January 15, 2016

Arch Linux Day 4: Switching Over to neovim

  1. Installing neovim
  2. vim to neovim
  3. vim-airline
  4. Transparent Terminal

As if changing over to i3 window manager wasn't enough, I decided to change my default editor from vim to neovim. Of course, some things may break (which they did).

Installing neovim

To install neovim on Arch, you must build it yourself because it is not in the default repository - it is in the Arch Linux User Repository (AUR).

cd ~/build
git clone https://aur.archlinux.org/neovim-git.git
cd neovim-git

makepkg -sri            # Build the package

vim to neovim

Of course, things won't work out-of-the-box with vim settings in neovim. After symbolically linking my .vim/ and .vimrc files to my '.config/nvim/' and .config/nvim/init.vim files, I started up neovim.

nvim

Immediately, I was told that my favourite autocomplete plugin, YouCompleteMe, doesn't work with it and I needed to compile it with python2 support. After pressing enter to a bunch of different questions about my English spell checking dictionary, I was in.

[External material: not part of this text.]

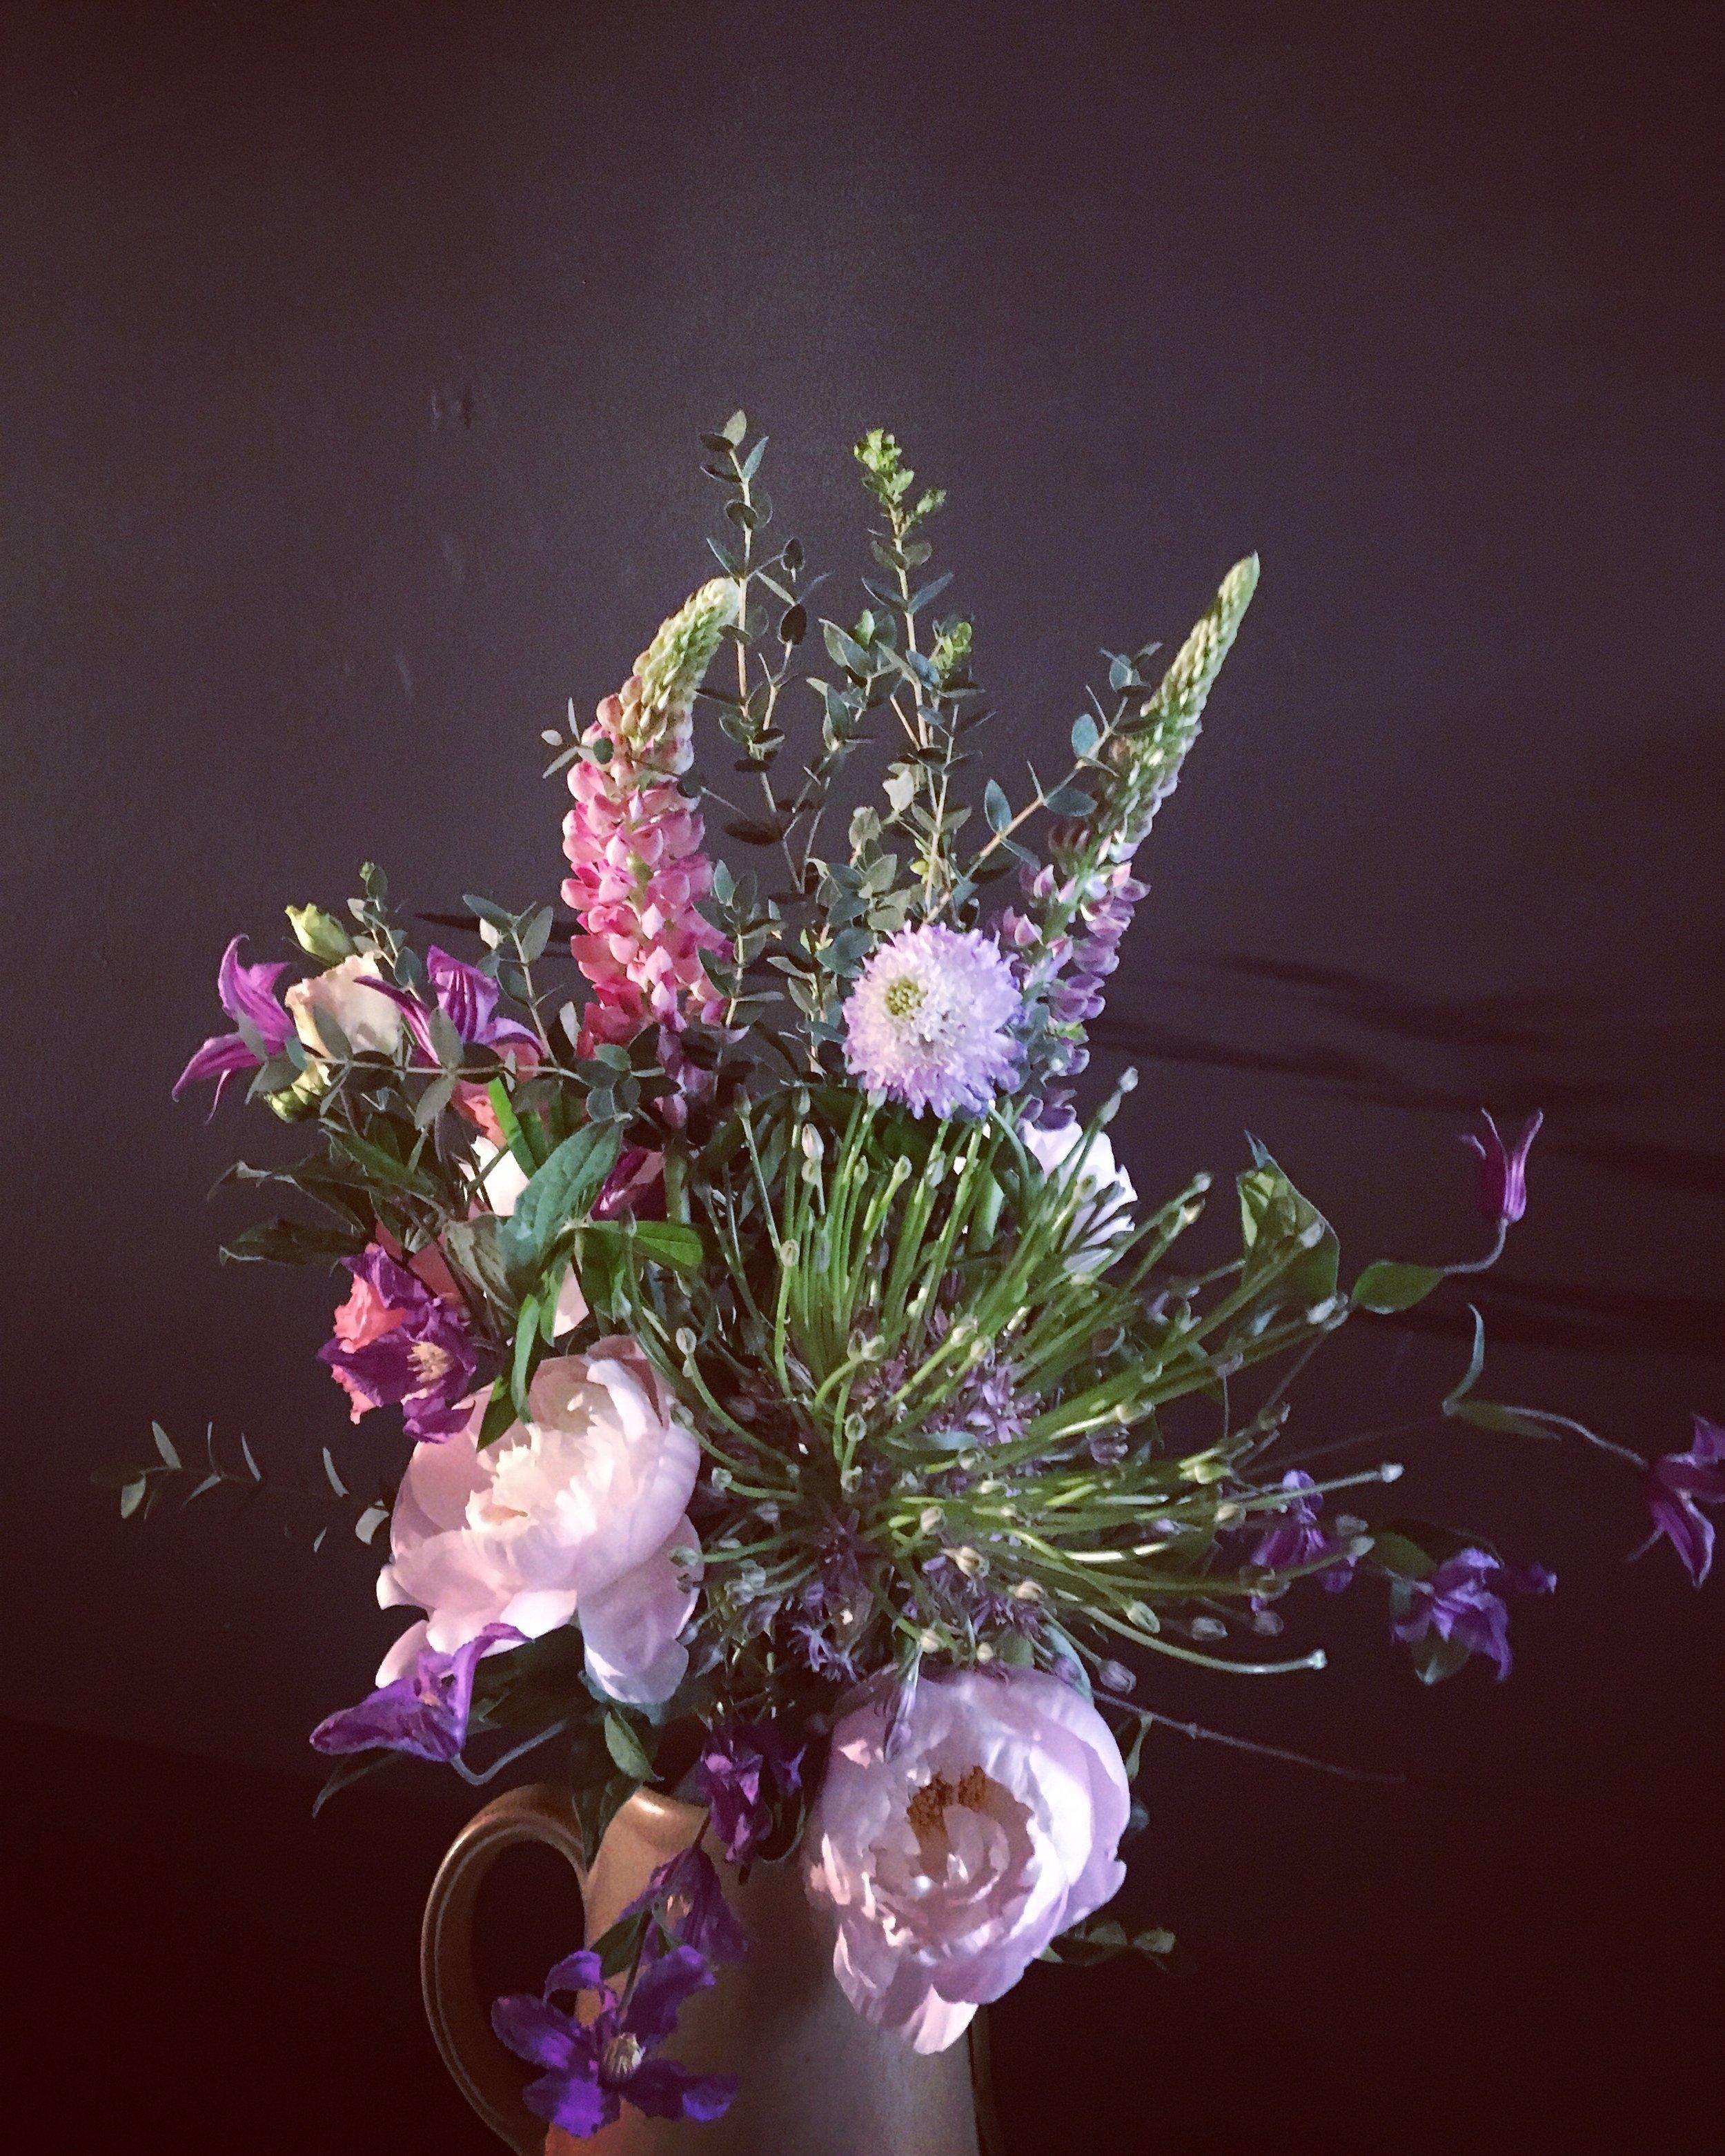 Bouquet by Horty Poetry - WEEK 21 - May 2019 - Le Poétique - Pivoines poudrées, Lupins, Scabieuses, Clématites, Alium Shubertti, Eucalyptus Parvifolia (…).

It looks exactly the same, feels exactly the same. I heard that, unlike vim, neovim has asynchronous callbacks instead of synchronous ones, making it faster. I searched online and saw that neovim doesn't compile with python by default - I needed to enable it with pip.

sudo pacman -S python2-pip
sudo pip2 install neovim

I reopened neovim, and voila, YouCompleteMe works!

vim-airline

I saw that other people's vim/neovim screen shots had a very pretty status line. That's why I wanted to install vim-airline.

NOTE: AFTER INSTALLING THE FONTS FOR VIM-AIRLINE, PLEASE RESTART. OTHERWISE, YOU WOULD SPEND AN HOUR TRYING TO FIGURE OUT WHY VIM-AIRLINE DOESN'T WORK.

An hour and a half later, I was done with it - vim-airline was successfully installed, along with the correct font file, and I was elated.

Transparent Terminal

See what I did there? No?

Another thing that bothered me since installing GNOME was that there was no option for an opaque background in the GNOME terminal. I remembered that I could do that in my Fedora distribution, so I googled it.

Apparently, the Fedora distribution patched the GNOME terminal so that there would be an option for transparent background for the terminal. Of course, the main branch would not have that, which explains why my GNOME terminal doesn't have this feature. To get around it, I had to install a patched version of the GNOME terminal through the AUR. Here we go again.

NOTE: THE BELOW COMMANDS WILL REPLACE YOUR DEFAULT gnome-terminal WITH THE PATCHED VERSION. JUST BE WEARY.

cd ~/build
git clone https://aur.archlinux.org/gnome-terminal-fedora.git
cd gnome-terminal-fedora

makepkg -sri

It installs nicely, replacing my old terminal and some other things (vte), and works! Great!